To learn more about toxic relationships, read the article on this site entitled, ”Toxic Love Relationships – How to Recognize & Escape Them.”
Surrender to Your Loneliness
There is something indescribably sweet about surrendering to your loneliness. On that darkest of nights, when you come face to face with yourself, true self-discovery can occur. The quietness and the realization that you are completely alone in a world full of billions of people can be chilling. But once you embrace it and surrender to your aloneness you will begin to grow right there and then. And your growth can be rapid and profound. With each new experience of being alone, you will grow stronger. Eventually, you will begin to enjoy your own company without a nagging need to be with another person. Once you reach this point, you’ll have the power to choose whether you want to spend a Saturday night alone, with a friend, or with a love interest. Your ability to choose any of these options without any worries empowers you. Then if you do choose to enter into a relationship, you’ll be able to do it from a position of strength, independence, and confidence.
How Do You Learn How to Be Alone?
Don’t fight being alone by trying to distract yourself. Don’t distract yourself by scheduling all your free time with friends. Don’t distract yourself with overindulgence in food, alcohol, drugs, television, the Internet, or video games. Just be with your loneliness until you come to terms with it. Face it head-on! Deal with the feelings that come up. Stay with the discomfort until you find your way to contentment. If you are frightened, move toward your fears until they dissipate. As it is with most fears, you’ll most likely find that what you feared was only an illusion or a misunderstanding.
Embrace Being Alone
Embrace being alone by using these periods to get to know yourself on a deeper level. Perhaps on a deeper level than you have in your entire life. You can’t do this by spending a few hours alone. You need much more time. Several weekends or even an entire week’s vacation would provide a great start toward mastery of being alone.
Once you can spend a Saturday night, a weekend, or an entire vacation alone and truly enjoy it you’ve mastered yourself. You teach yourself how to enjoy your own company by treating yourself like you would a close friend or lover. You look for ways to enjoy, entertain, and please yourself. And yes, I mean the big “M.” There are benefits to learning this art as well, especially for women. Men don’t need any coaxing in this area.
Whenever I refer to the benefits of learning to be alone, I am not only talking about you but also the benefits that your lovers and friends will enjoy. These relationships will benefit you because you will be able to participate in them from a position of strength and giving rather than weakness and neediness. If you can’t handle even the thought of being alone you’ll put unhealthy demands on these relationships. You will also sell yourself short because of your inability to enter and maintain these relationships from a position of strength and confidence.
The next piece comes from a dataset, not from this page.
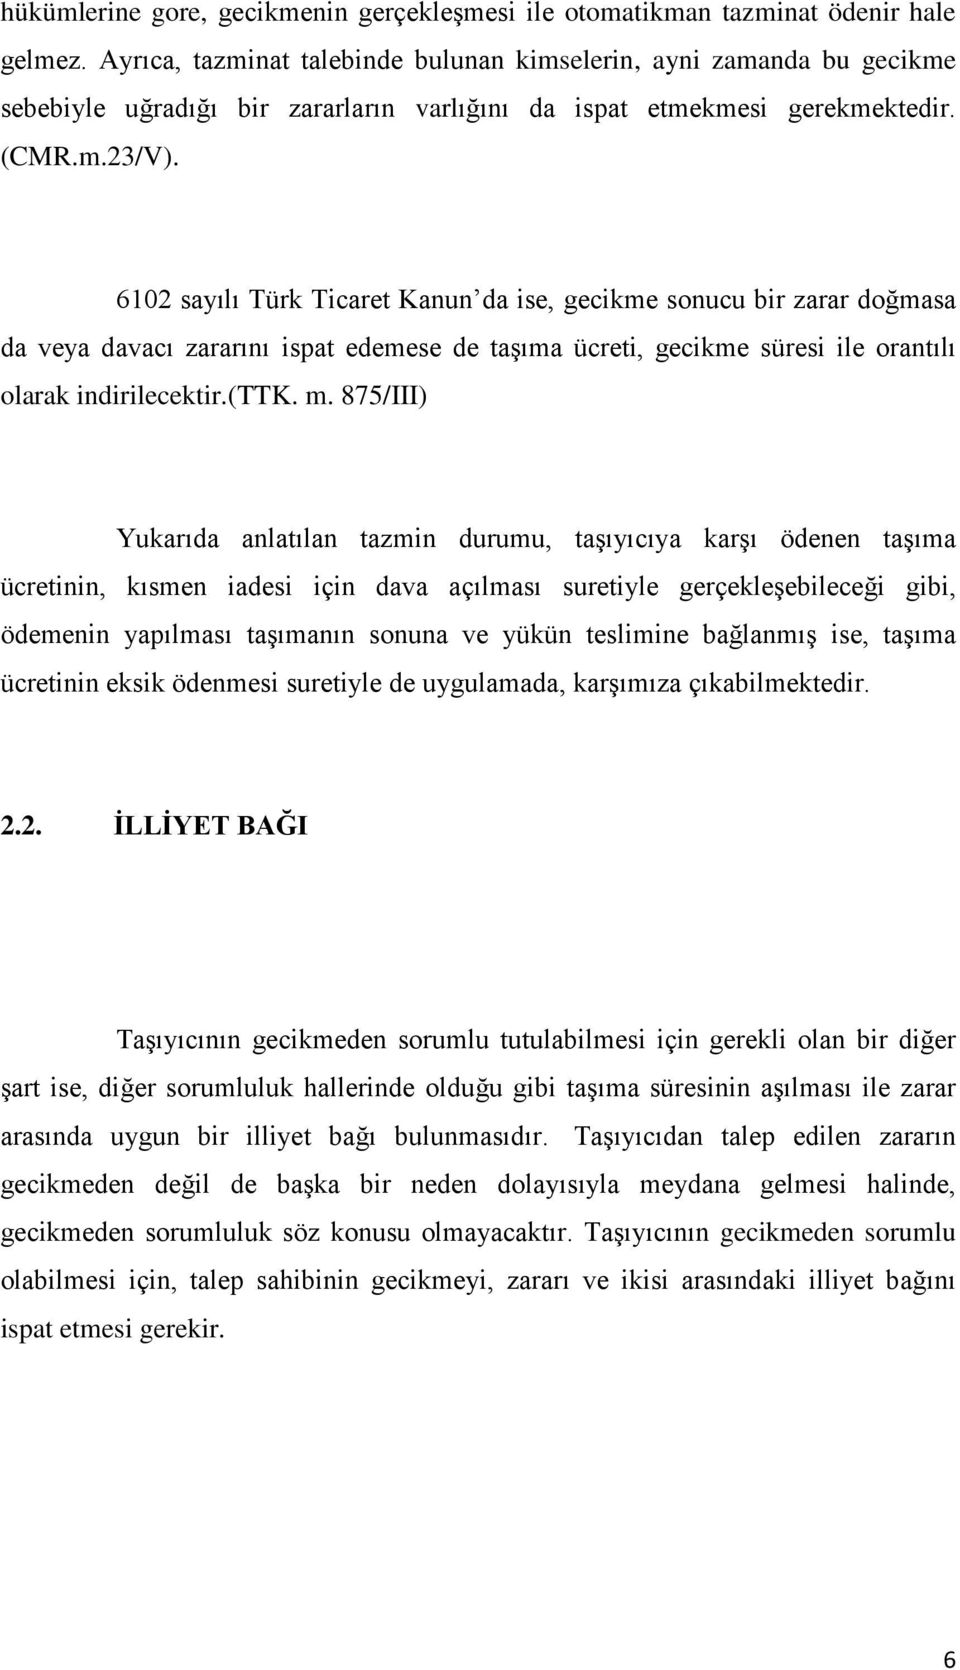 6102 sayılı Türk Ticaret Kanun da ise, gecikme sonucu bir zarar doğmasa da veya davacı zararını ispat edemese de taşıma ücreti, gecikme süresi ile orantılı olarak indirilecektir.(ttk. m.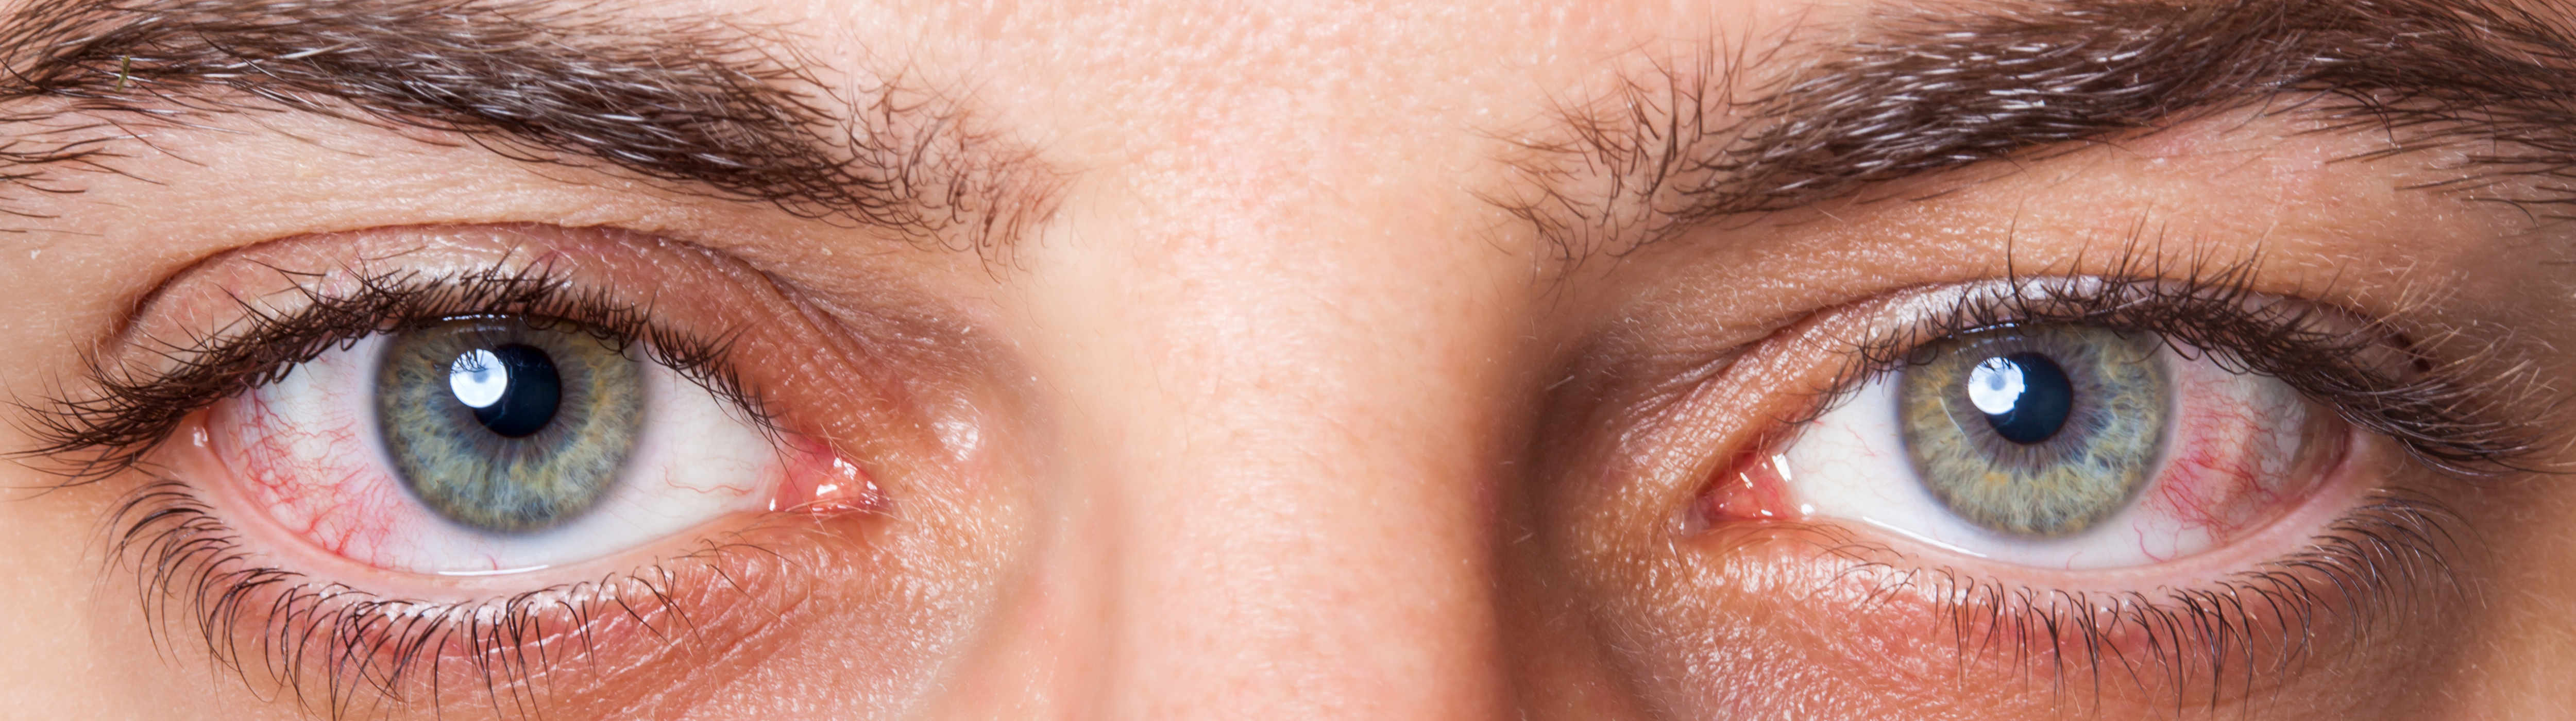 Ausschnitt eines Gesichts eines Mannes: Er hat rote Augen.

Use periods of being alone to get to know yourself. What do YOU like to do on a Saturday night? Take yourself out to a fancy dinner. Make yourself a gourmet dinner at home. Have fun! Enjoy your own company. Enjoy your own humor. Laugh at yourself. Do you get the picture?
If you don’t know what you find humorous when no one else is present, find out! If you don’t know what you enjoy doing alone, discover it! Make it an adventure! Make it an adventure of self-discovery!
Your goal is to find peace, contentment, and confidence when you are alone whether you are at home, in a crowded public space, or at a table in a fine restaurant filled with couples on a Saturday night! Once you are comfortable, content, and happy in each of these situations you have mastered the art of being alone. Once this is achieved and you are able to “choose” whether you want to be in a relationship or with other people, your ability to truly love and give without fear or measure will be greatly enhanced.